→ Assignment: The reply should hold every line of the listing exactly, and none of its images.

→ Collected data:
....

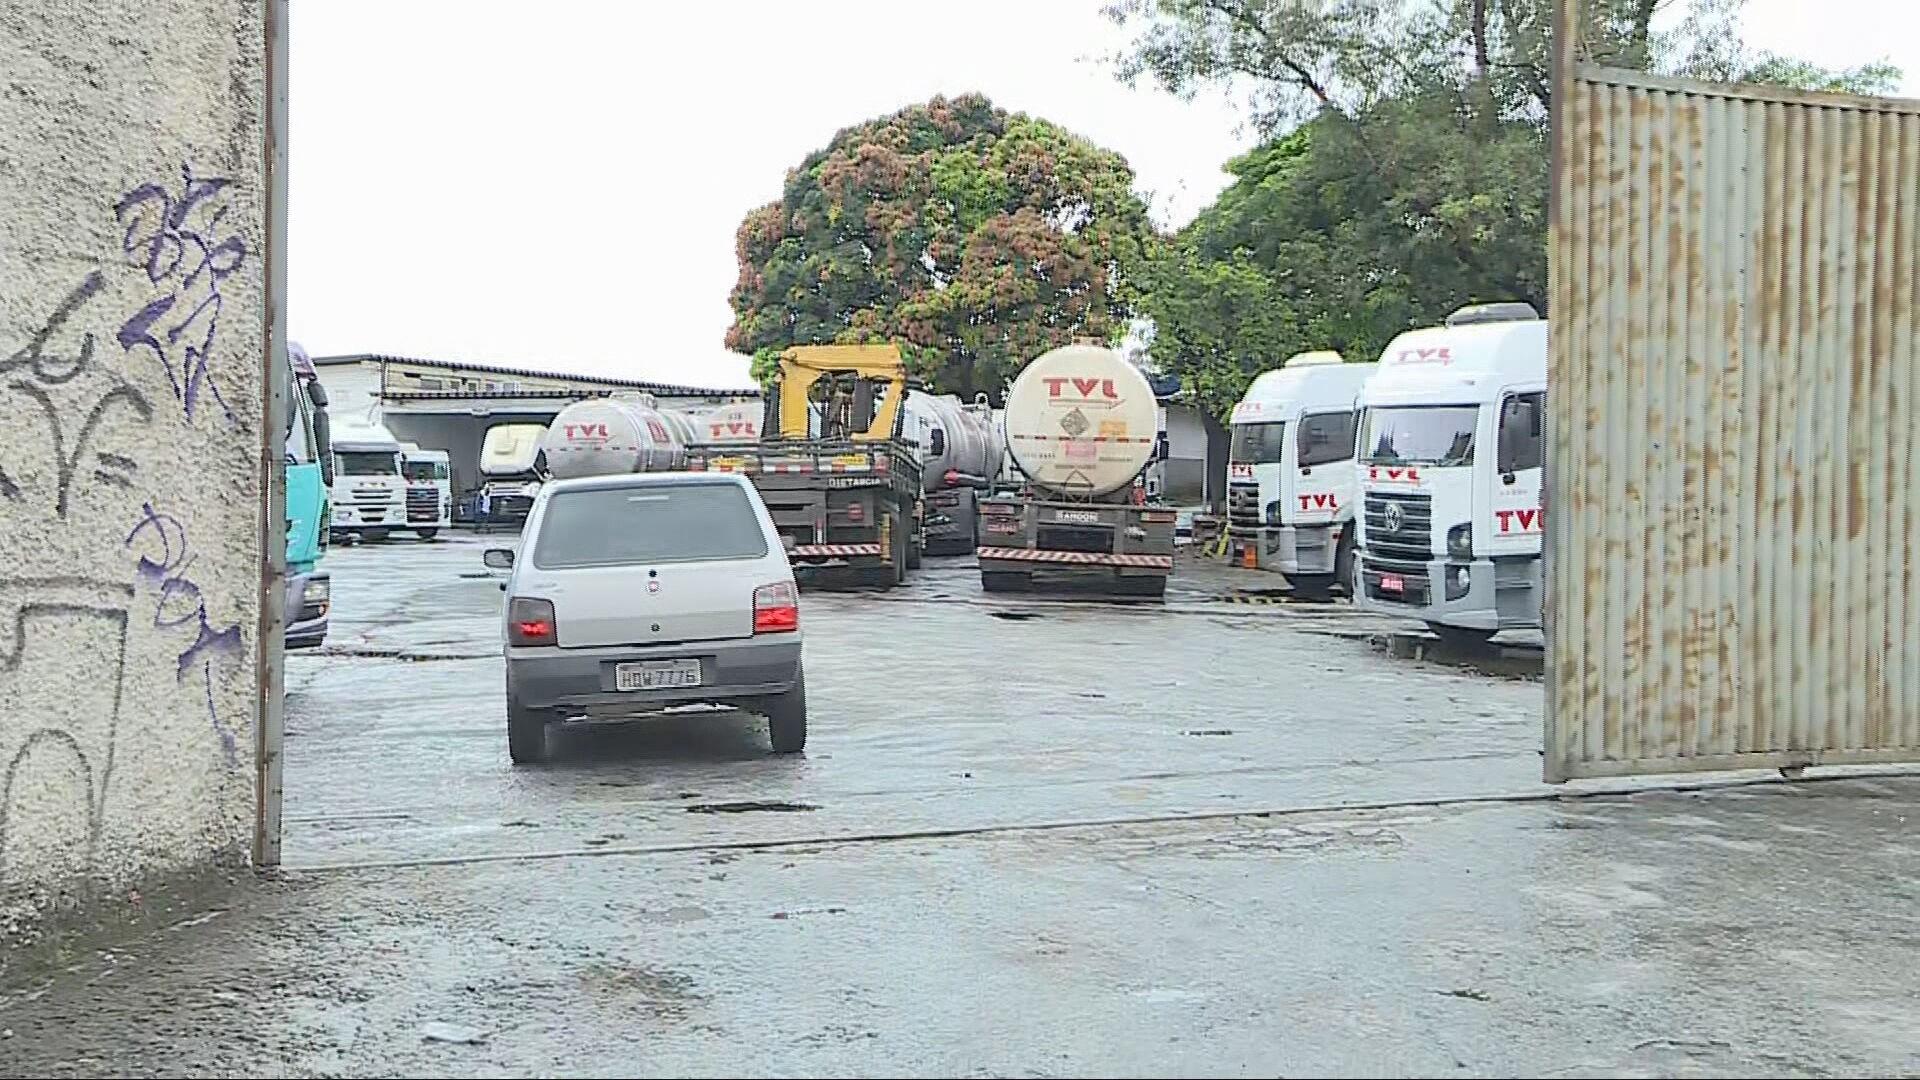 Mecânico morre durante reparo em caminhão-tanque em Belo Horizonte
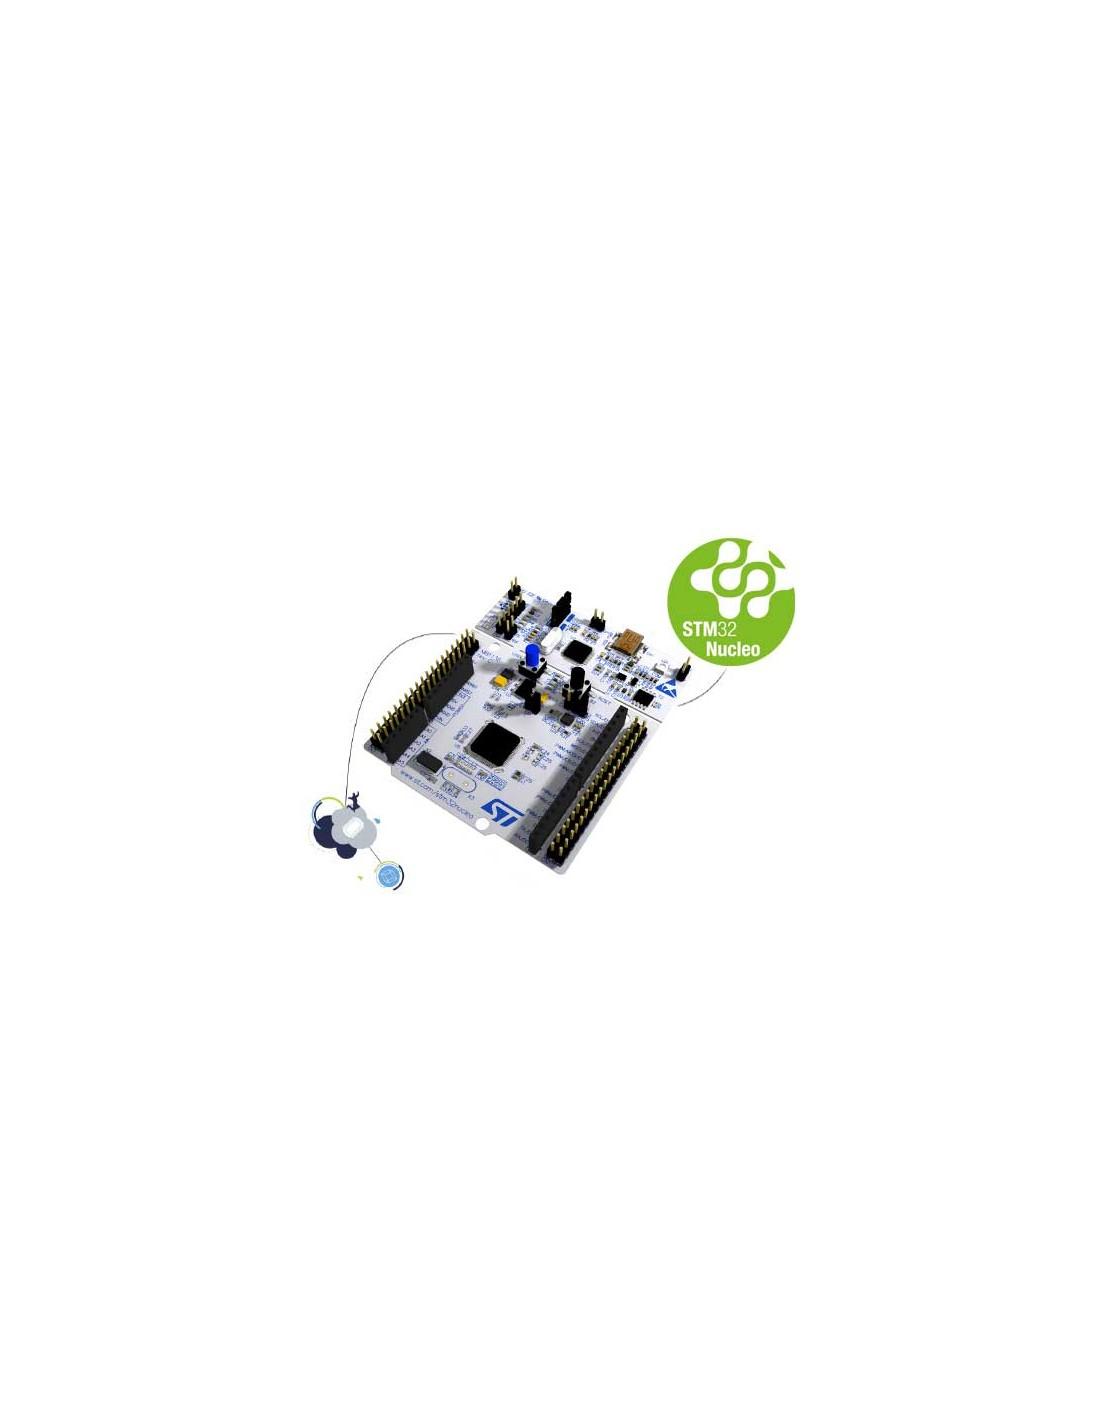 Stm32 Vs Arduino
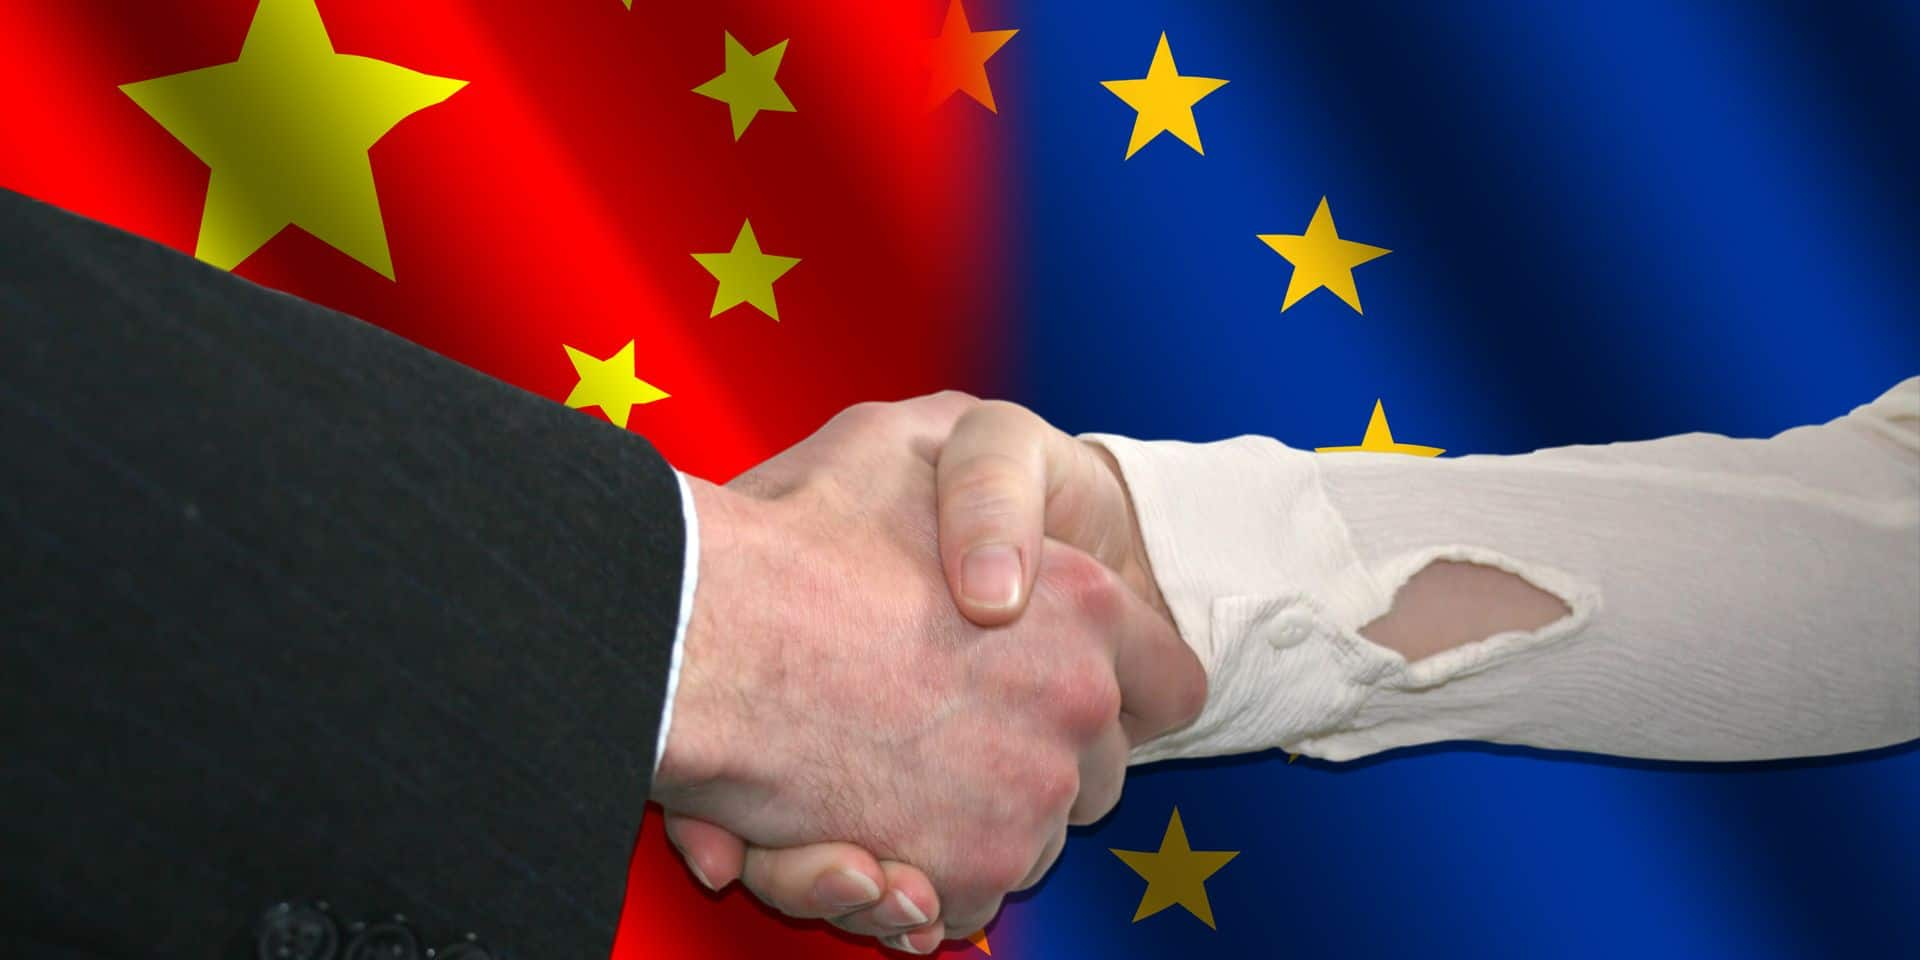 Investissements Chine-UE: un accord possible d'ici à la fin de l'année

....

→ Result of the exercise:
 Mecânico morre durante reparo em caminhão-tanque em Belo Horizonte
 Stm32 Vs Arduino
 Investissements Chine-UE: un accord possible d'ici à la fin de l'année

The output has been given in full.